The SEO is touted as being very good.  That wasn't a huge concern for me, but if properly leveraged, it can help get your images into search engines and ranked higher. Their commerce features looked decent as well, but my plan does not have that.  The Pro plan is cheaper than my old hosting plan.  I kept the custom URL, which was a requirement of mine.

I don't like that the SmugMug branding shows up in various places.  I don't know if that is addressed in the higher plans or not.  I'm OK with it, but might be less OK if my site was a pro portfolio.

When I first started out and was dumping GB after GB of photos on there, it started to take longer for the resizes to build, but it wasn't bad.  I wasn't surprised to encounter what I perceived as CPU throttling from my abnormally high usage.  We're talking about hours upon hours of uploading.
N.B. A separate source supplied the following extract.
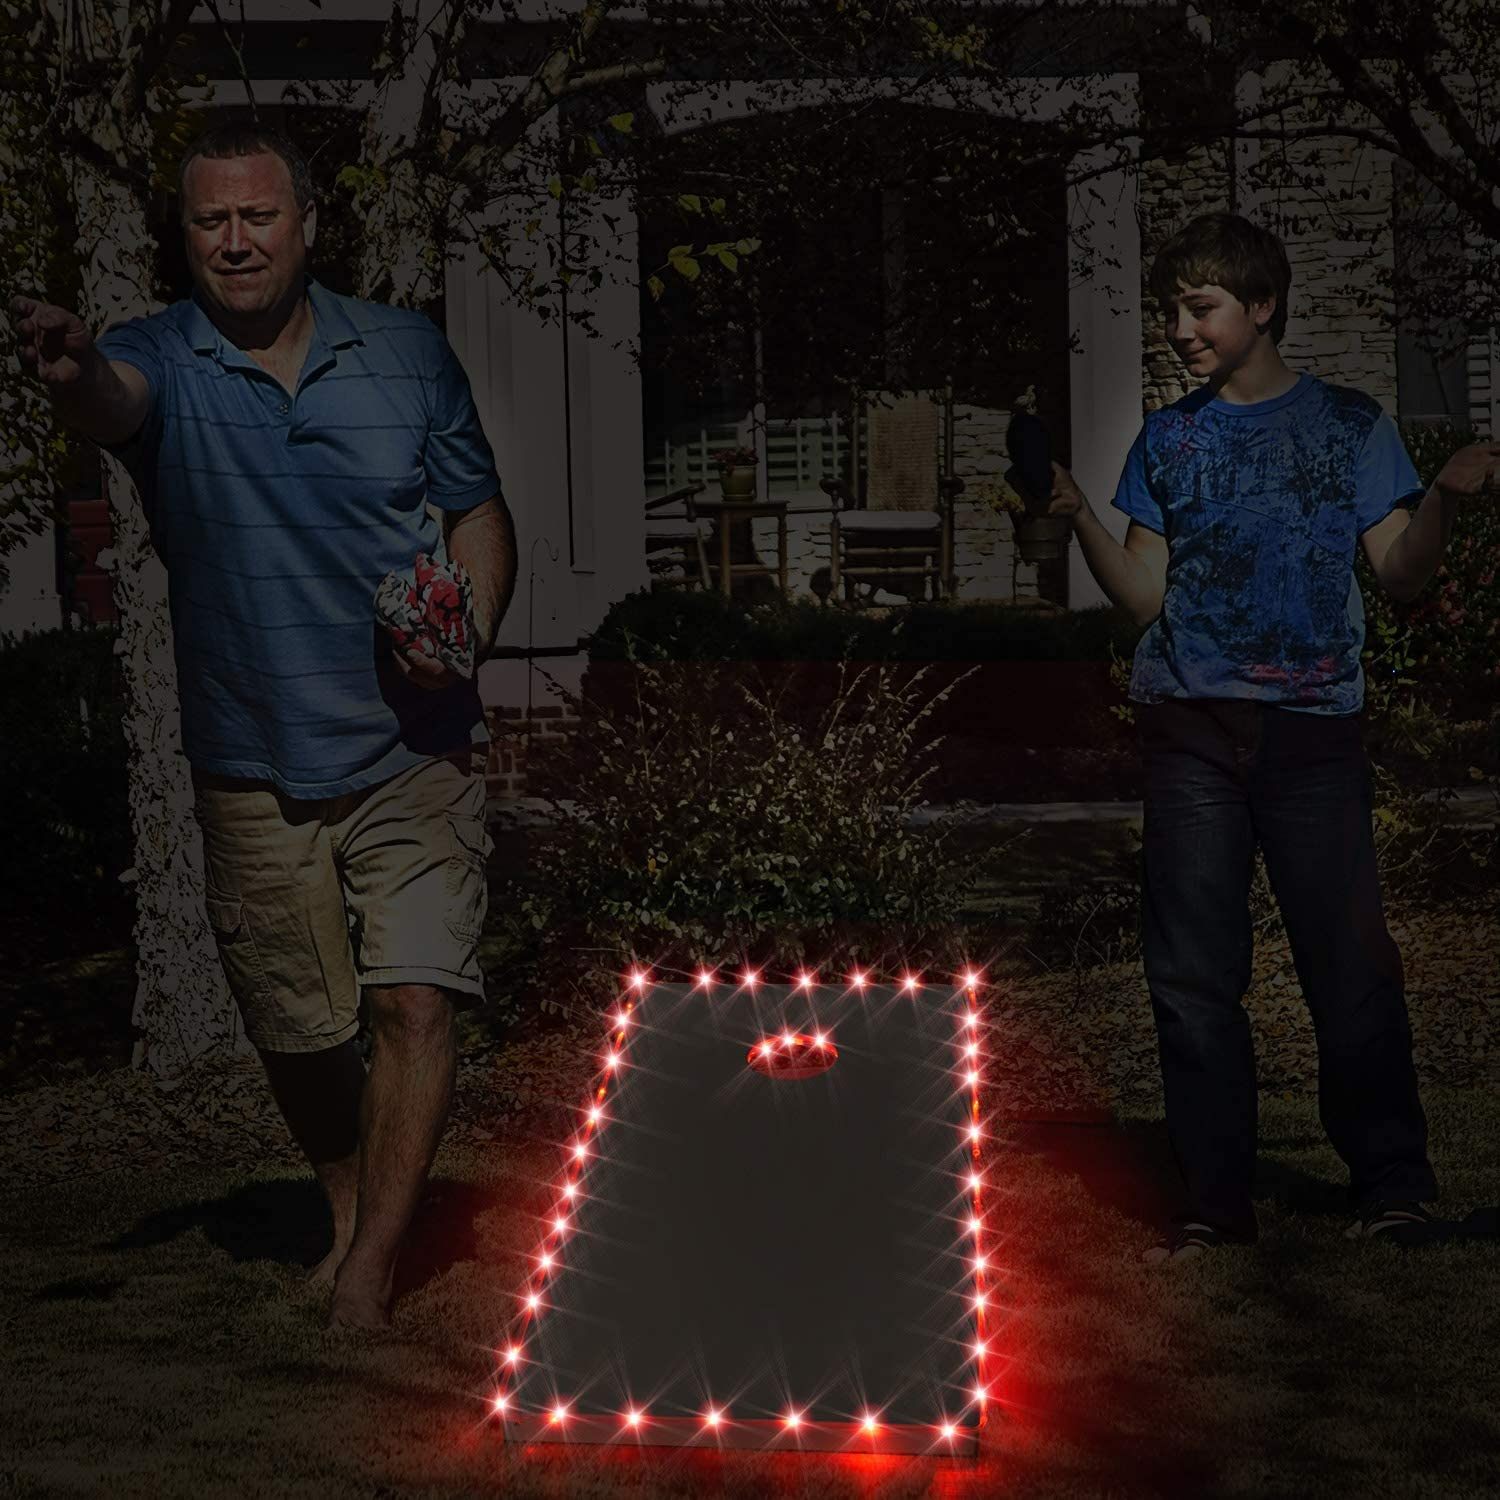 LED Cornhole Lights, Remote Control Cornhole Board Edge and Ring LED Lights, 16Color change by yourself, a great addition for playing Bean Bag Toss Cornhole game at the family backyard at night

I love that I don't have to deal with site maintenance or customizations anymore, yet I have a fair amount or power and flexibility.  

Page setup and customizations are pretty straightforward.  No real complaints there, but it of course took some trial and error.

They offer a free 30 day trial, and I don't believe it required a credit card or any sort of commitment.

This site is on the $60 per year Power user plan.
www.tjapkes.com

FWIW, I also post on Flickr and Facebook for the social aspect.  Facebook's evolving terms scare me some, so I don't post high res shots there anymore.


----------



## LarryLomona (Jan 2, 2014)

Flickr for me.


----------



## NAKA (Jan 2, 2014)

Flickr seems the place to go


----------



## AceCo55 (Jan 3, 2014)

NAKA said:


> Flickr seems the place to go



Well based on a pretty limited survey that left out quite a few photography hosting websites ... :er:
But if you are happy with Flickr, go for it. You'll never know if is the *best *one though!!!!  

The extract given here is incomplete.